EX-10.11.1 2 hth-20211231xex10d11d1.htm EX-10.11.1

EXHIBIT 10.11.1

FIRST AMENDMENT TO CO-Owners AGREEMENT

THIS FIRST AMENDMENT TO THE CO-OWNERS AGREEMENT ("First Amendment") is entered into to be effective as of the 31st day of December 2021 (the "First Amendment Effective Date"), by and among Diamond Hillcrest, LLC, a Texas limited liability company ("Ford Owner"), HTH Hillcrest Project LLC, a Texas limited liability company ("Hilltop Owner"), and SPC Park Plaza Partners LLC, a Texas limited liability company ("SPC Owner") (together with any other persons or parties who acquire an interest and assume the rights and obligations hereunder by written instrument, each sometimes referred to as a "Co-Owner" or collectively as the "Co-Owners"), with reference to the facts set forth below:

RECITALS:

A.The Co-Owners entered into that certain Co-Owners Agreement dated effective as of July 31, 2018 (the "Agreement") governing the ownership, development and operation of the property known as Hilltop Plaza at 6565 Hilltop Avenue, Dallas, Texas (the "Project"), all as more particularly set forth in the Agreement.
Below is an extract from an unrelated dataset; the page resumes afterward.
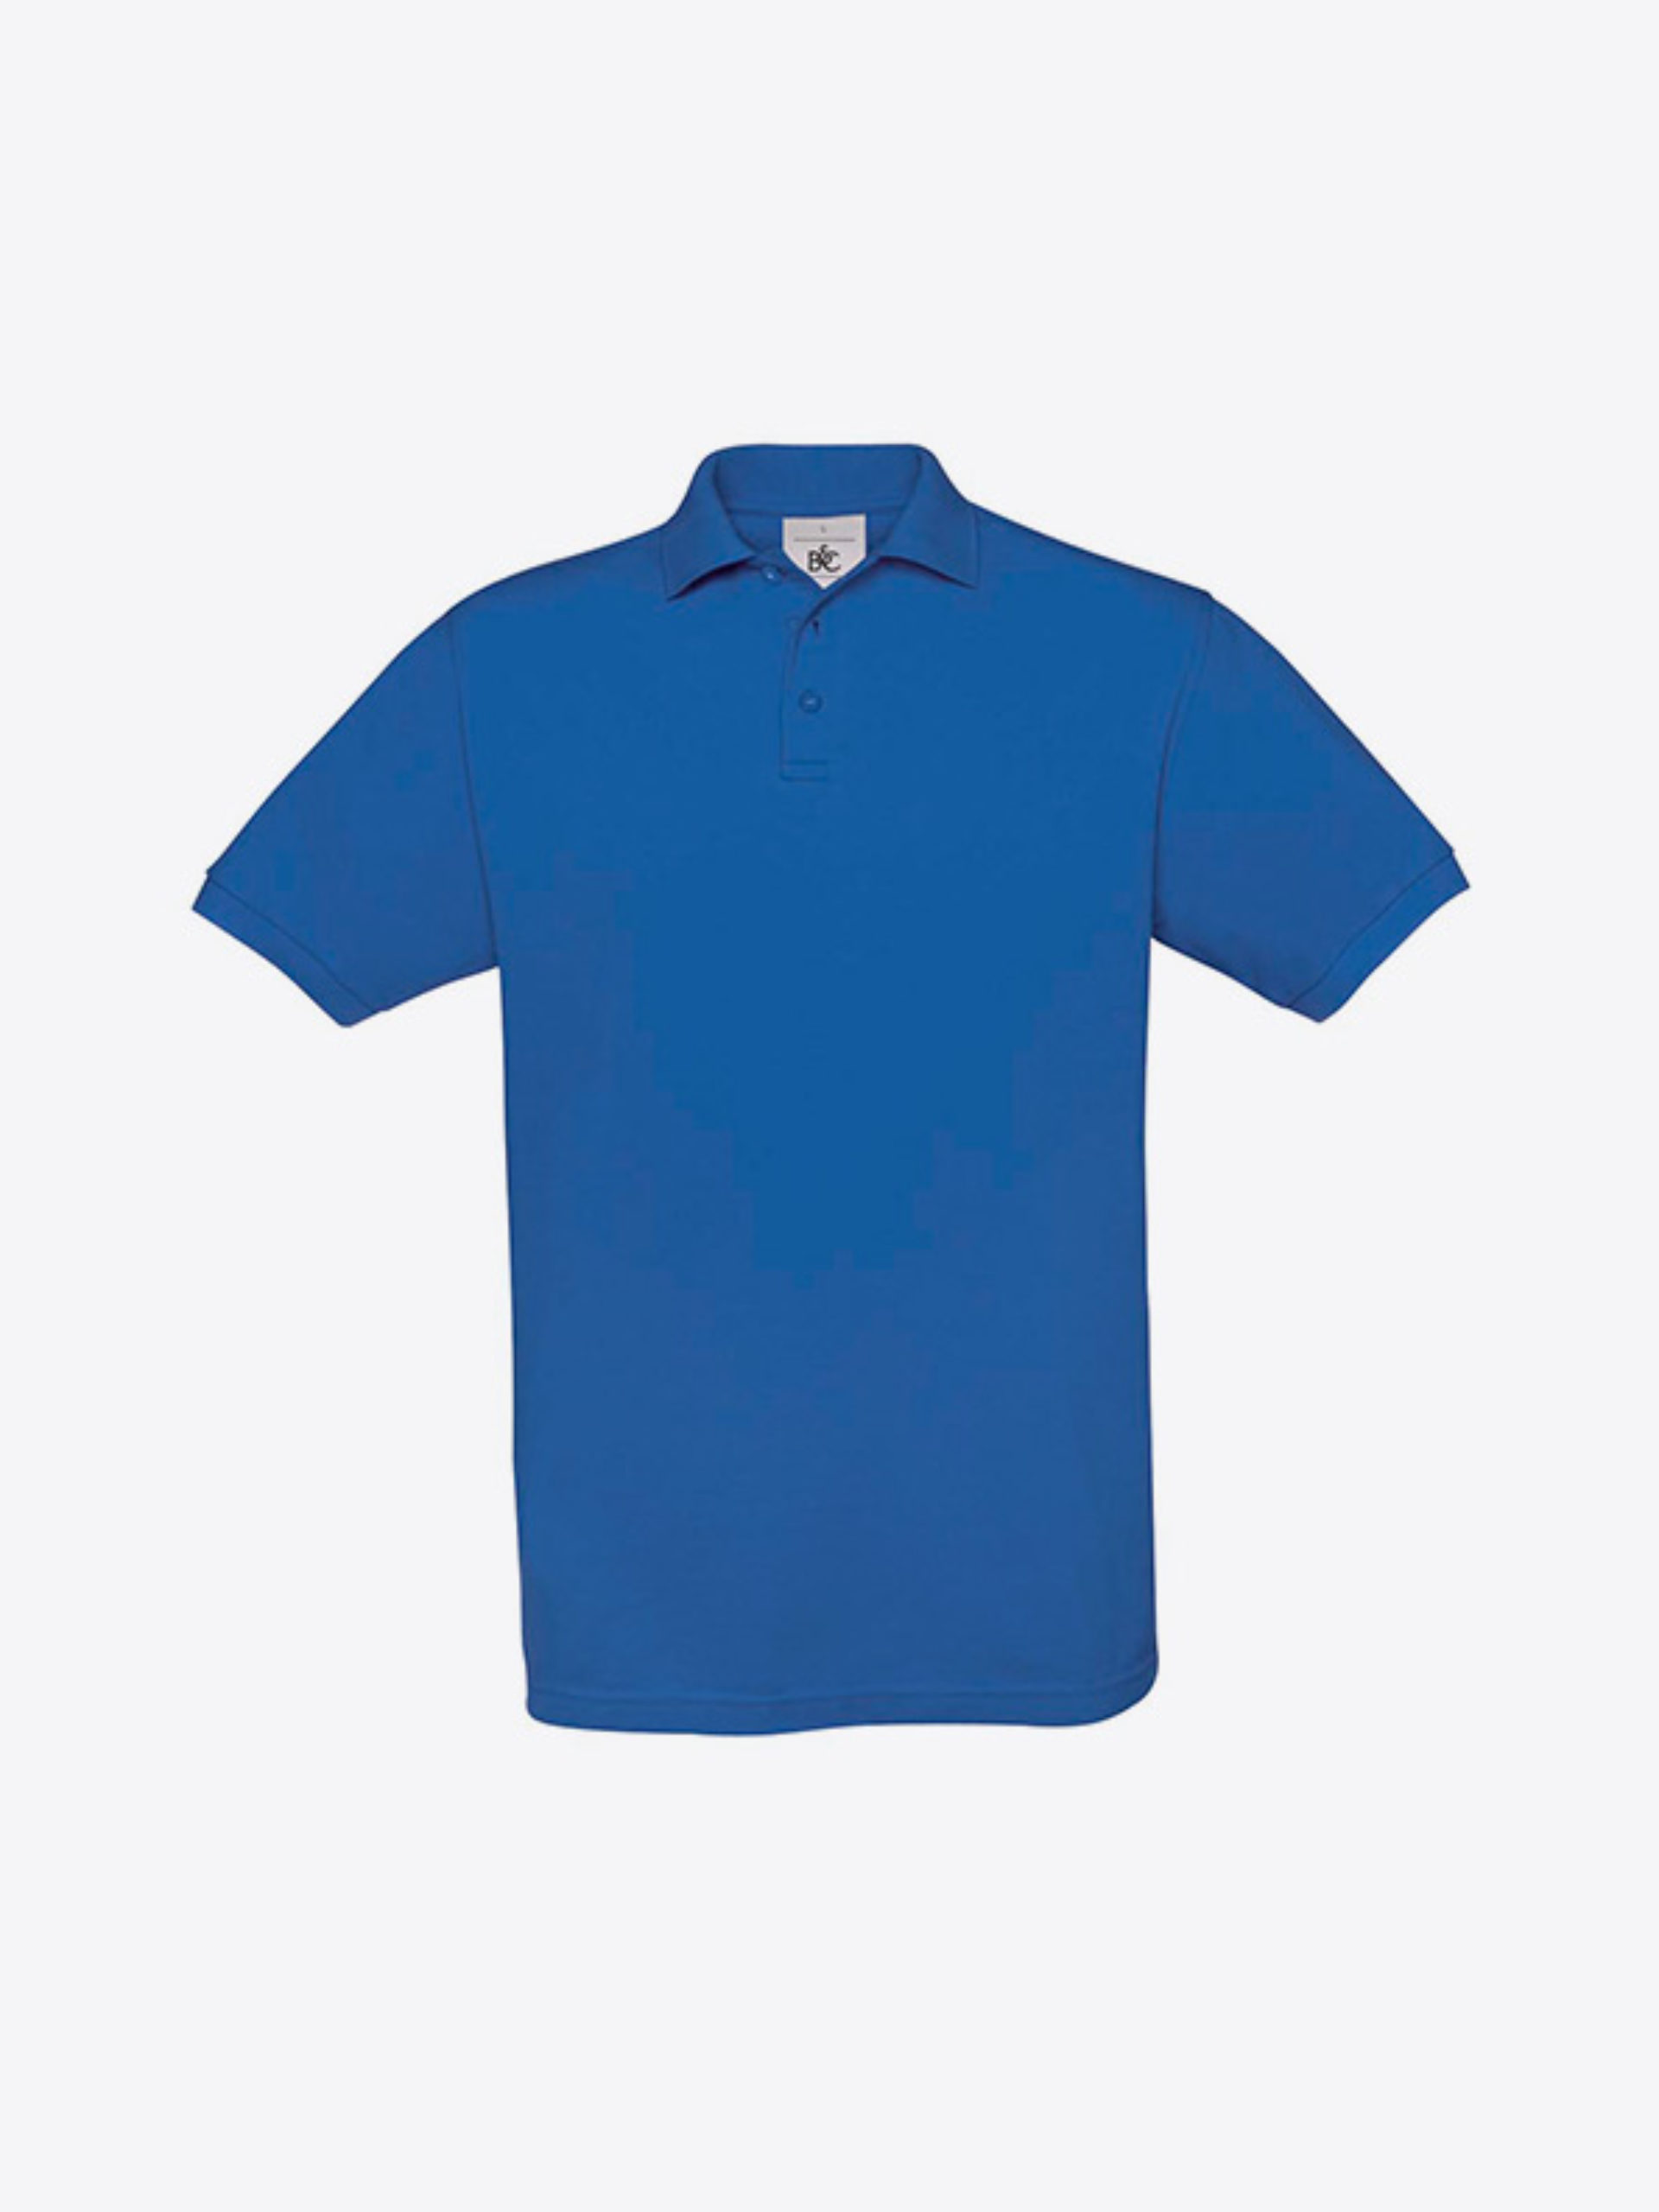 Herren Polo Shirt In Der Schweiz Besticken Lassen Bundc Safran Pu409 Royal Blue

B.To finance the acquisition of their interest in and development of the Project, the Co-Owners obtained a loan from Comerica Bank in the principal amount of Forty Million, Seven Hundred Fifty Thousand and No/100 Dollars ($40,750,000.00) (the "Comerica Loan"). The term of the Comerica Loan expires on December 31, 2021.

C.The Co-Owners are obtaining a new loan in the principal amount of Forty-Eight Million and No/100 Dollars ($48,000,000.00) (the "NDB&T Loan") from North Dallas Bank & Trust Co. ("NDB&T") to refinance the Comerica Loan, and desire to amend the Agreement to acknowledge for purposes of the Agreement the transition of mortgage financing from Comerica Bank to NDB&T.

AGREEMENTS:


NOW THEREFORE, for ten dollars ($10.00) and other good and valuable consideration, the receipt and sufficiency of which are hereby acknowledged, the undersigned agree as follows:

1.Definitions.  Except as otherwise expressly provided in this First Amendment, all capitalized terms used but not defined herein shall have the meanings ascribed to them in the Agreement.
2.Amended Definitions.  Effective as of the date of funding and closing of the NDB&T Loan and payment in full of the Comerica Loan, the following terms used in the Agreement shall be amended, restated and redefined as follows for all purposes of the Agreement from and after the First Amendment Effective Date:
(a)"Lender" shall mean and refer to North Dallas Bank & Trust Co., its successors and/or assigns.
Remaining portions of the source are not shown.